Start of Block
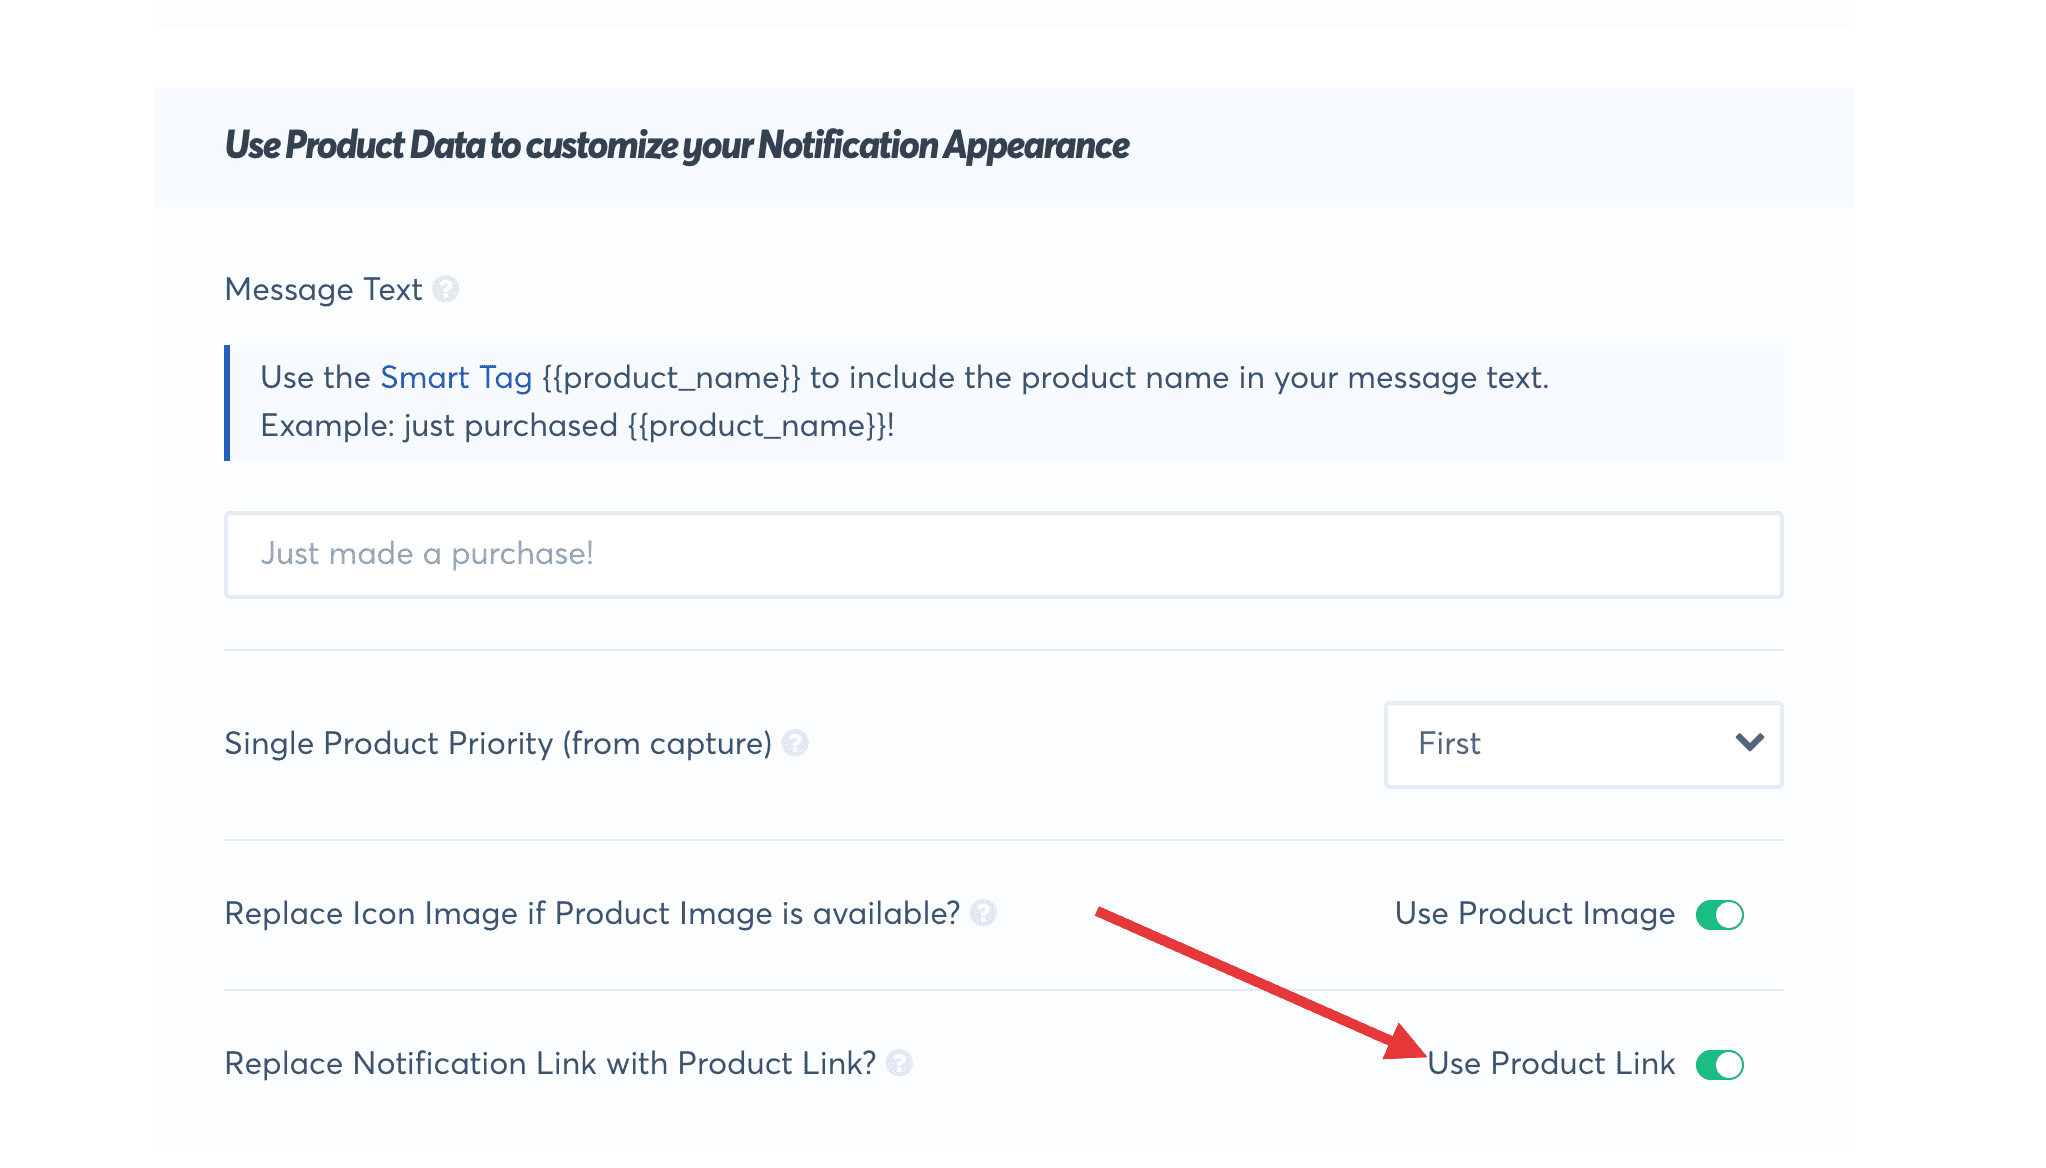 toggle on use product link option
End of Block
Start of Block
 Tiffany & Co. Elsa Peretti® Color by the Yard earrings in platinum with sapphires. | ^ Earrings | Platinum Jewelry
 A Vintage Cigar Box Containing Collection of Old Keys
End of Block
Start of Block
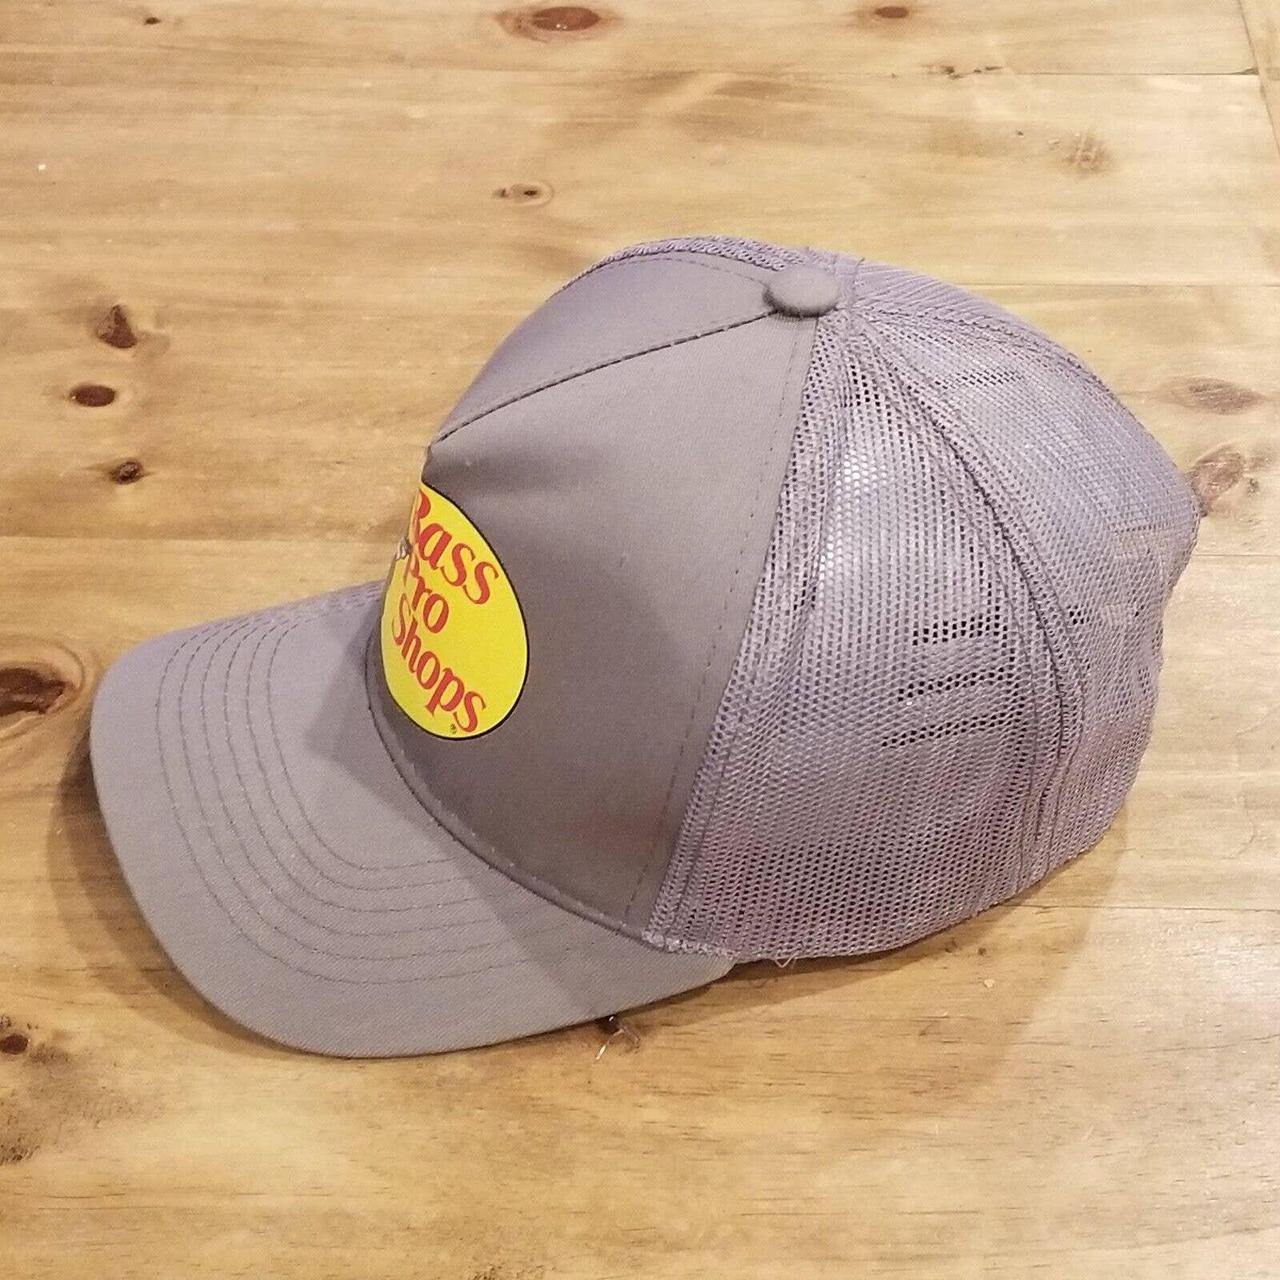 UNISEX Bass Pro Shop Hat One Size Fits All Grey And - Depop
End of Block
▶ **TASK PROMPT**: Copy the lines above exactly. Start with the line containing "Tiffany & Co.", end with the line containing "A Vintage Cigar", and include both.

▶ **ANSWER SPACE**:
 Tiffany & Co. Elsa Peretti® Color by the Yard earrings in platinum with sapphires. | ^ Earrings | Platinum Jewelry
 A Vintage Cigar Box Containing Collection of Old Keys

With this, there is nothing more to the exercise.